There it was again: the envy .

I cleared my throat again, moving on as quickly as possible in the hopes of getting another answer from him before he decided he was no longer in an enlightening mood. "How did I get here? Where was I when you took me?"

"I do not know. It was not I who crossed you into our realm." He squeezed the stem of the wine glass between his fingers, twirling it in his hold before he brought it to his lips.

Something in my stomach sank, the food no longer fulfilling but contributing to my anxiety. "W-what do you mean? You came to me right when I arrived. You–"

"I sensed your presence. I can feel everything here, from a singular rock to peeling bark on a tree. The minute your foot touched the precipice of that canyon, I felt you.

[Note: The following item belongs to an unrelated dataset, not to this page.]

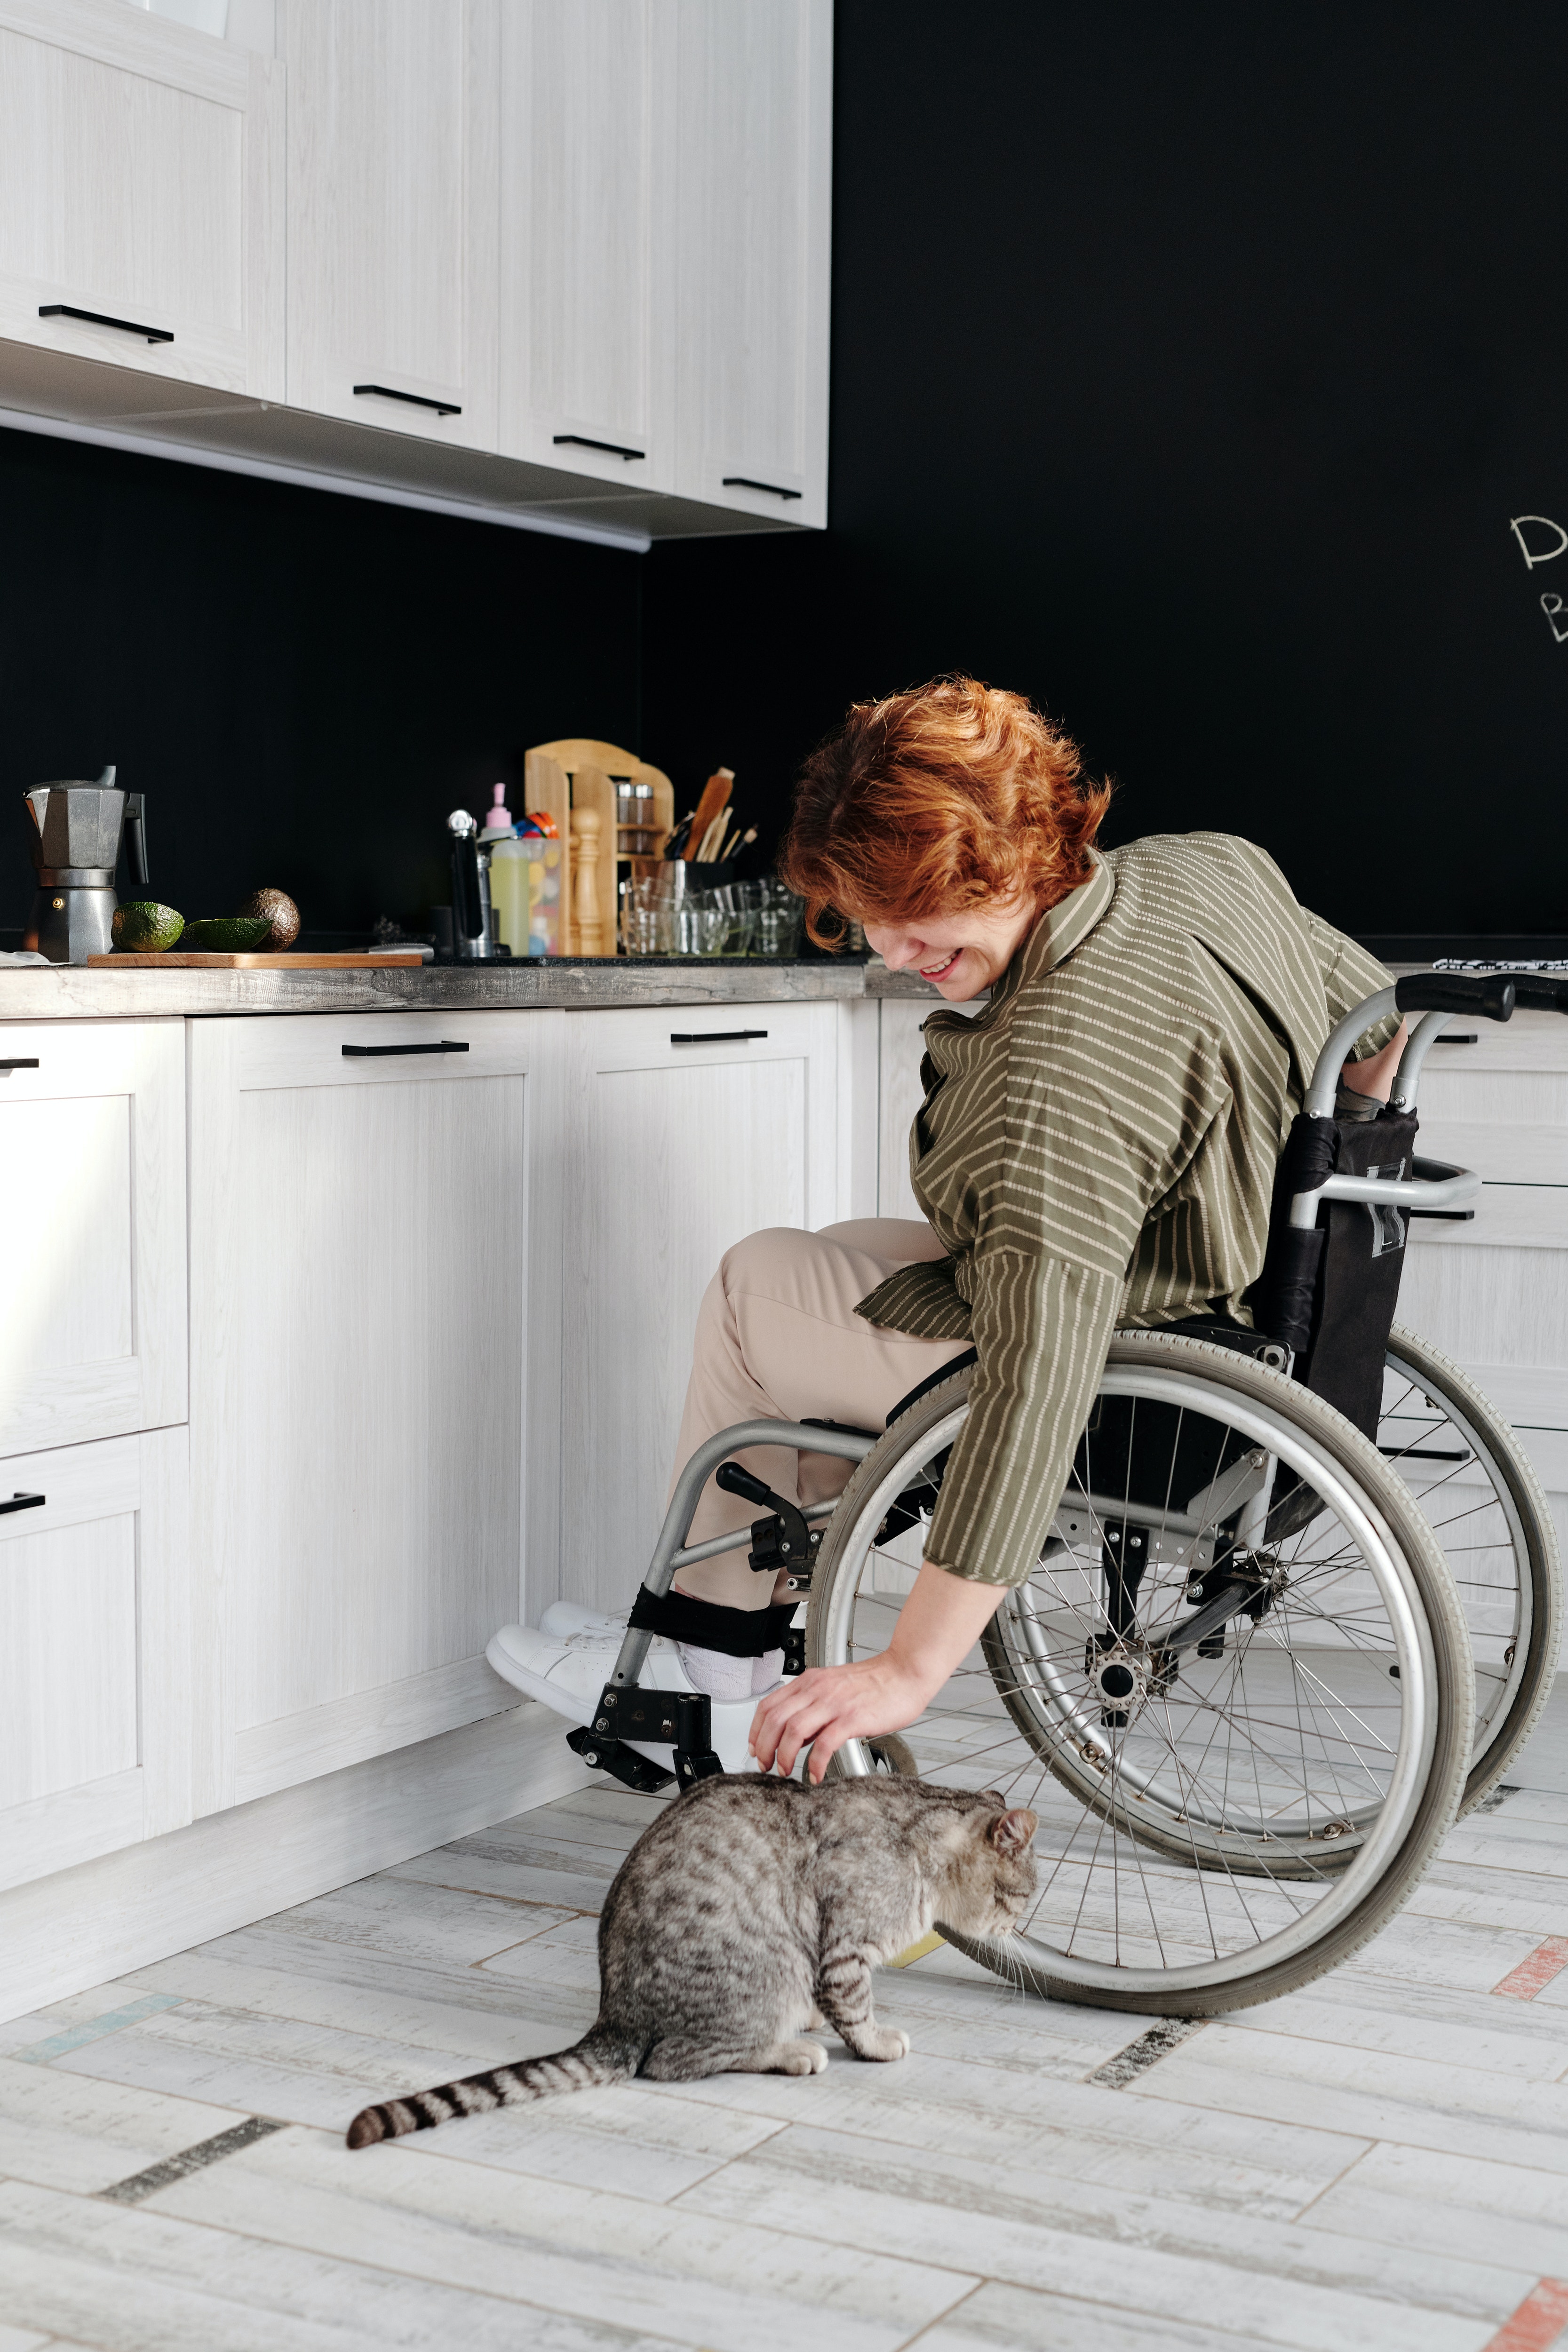 Persona en cadira de rodes a la cuina acariciant un gat. Font: Pexels - Marcus Aurelius

I'm sure Elio did as well, but I was quicker." He finally sipped the wine, his nose wrinkling with distaste before he spit it back into the glass then wiped the bottom of his lip with his thumb.

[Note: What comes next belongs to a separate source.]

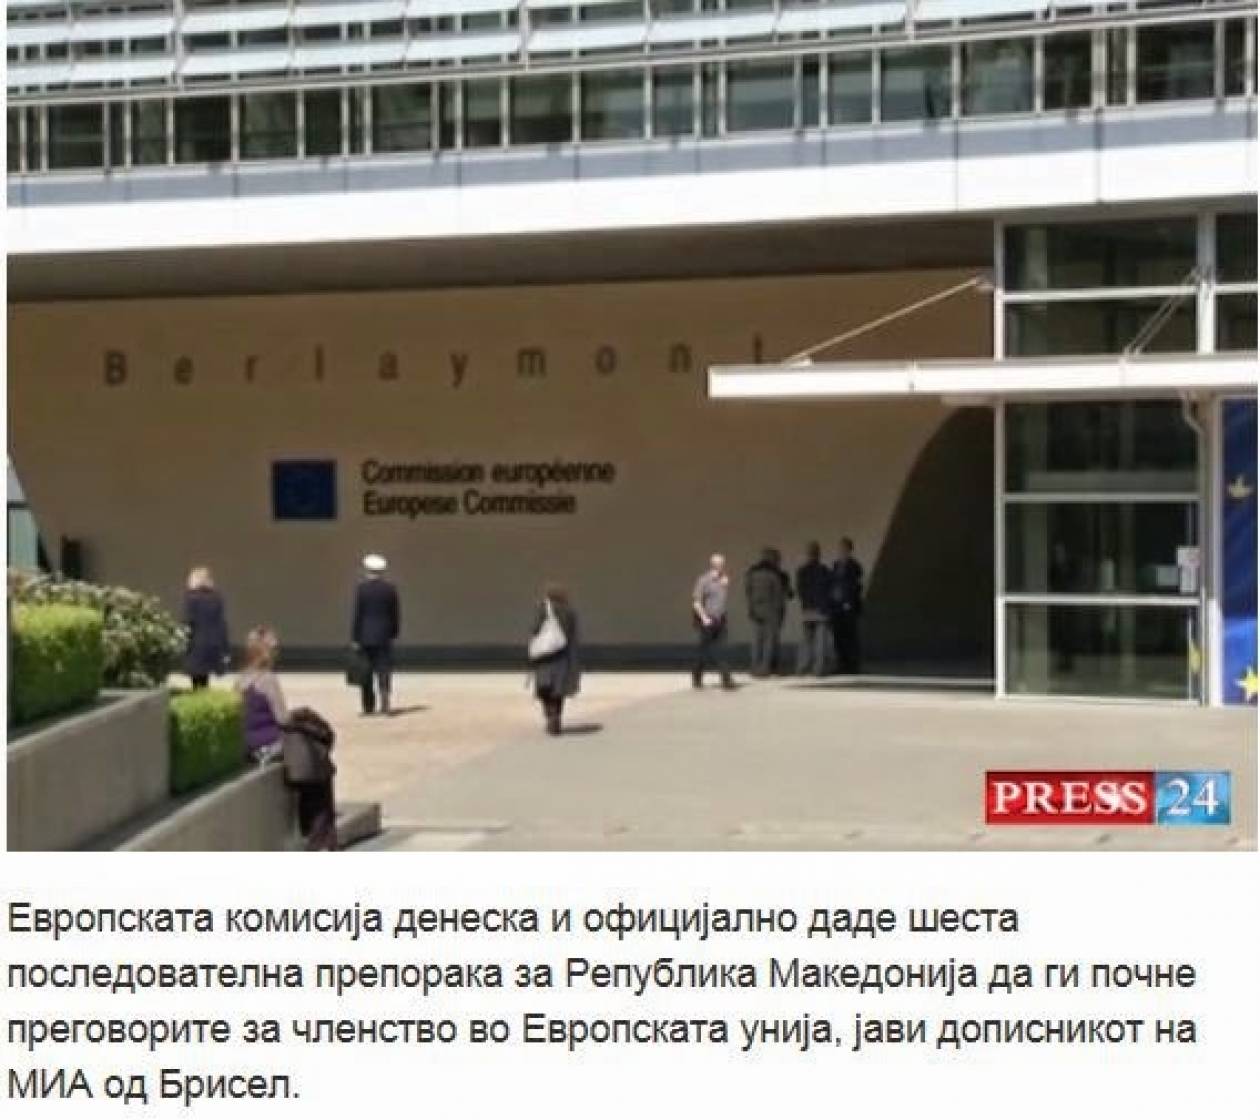 Έκτη σύσταση στα Σκόπια για διαπραγματεύσεις με ΕΕ

My heart took off before my head could truly wrap around it all. Racing inside my ribcage, it fueled my panic. I sunk my nails into my palm, trying to get my mind out of the spiral I was heading toward. I needed to bring my body back to me, to gain control of it before I unraveled in front of him.

My memory wasn't reliable, my mind wasn't a safe place.

When my powers started, I had to touch someone to enter their dreams, had to be a willing participant. When I turned fifteen, when Elisa killed our father, things changed. My OCD became impossible to control, my emotions, my trauma, my skewered thoughts took the driver's seat, and they all steered in one direction: madness.

My mental state deteriorated, and I began getting dragged into dreams. There was nothing in my control. One moment, I was at dinner, the next, I was underwater, chained inside a shark cage with no oxygen tank to keep me alive. A bad dream couldn't kill you, but that kind of life could drive a person insane.

At least, I didn't think a bad dream could kill me. After all, they weren't my dreams, I was simply a bystander invading someone else's mind. I spent my entire young adult life aching for some sort of control, living in a house with six sisters who were scared of my father. Their fears became the stuff of my nightly activities, vanquishing my father at least twice before the clock struck midnight.

Never once could he kill me—whether because they were simply dreams or because my sisters' protection was far beyond his reach.

With time, the more my powers ran amok, the more my compulsions tried to control my environment, the more I became frustrated and unreliable. Like a self-feeding cycle, one drove the other, fueling on like a famished ouroboros. The OCD got worse, my magic went haywire, my mental health struggled more, as did my powers. Days and nights were blended, reality and dreams impossible to discern from one another.

I became a paranoid shadow of myself. It all happened when I was so young that I couldn't quite remember how it was to feel free. Silly me thought if I was physically here, in the land of dreams, with no humans to bother me, that meant I could finally sleep in peace.

At least I wasn't missing big chunks of the day anymore, which told me that either The Silent, the guards, and Zotz couldn't dream, or they never slept. Whatever it was, it almost felt safe.

This was the longest I'd spent without being dragged into someone's fantasies or fears against my will. Tears welled in my eyes, and I looked down to my plate so Camazotz would miss it.

"What is that?" he asked, looking furious.

I chuckled miserably, wiping my tears with the back of my hand. "What? You've never seen a woman have a nervous breakdown before?"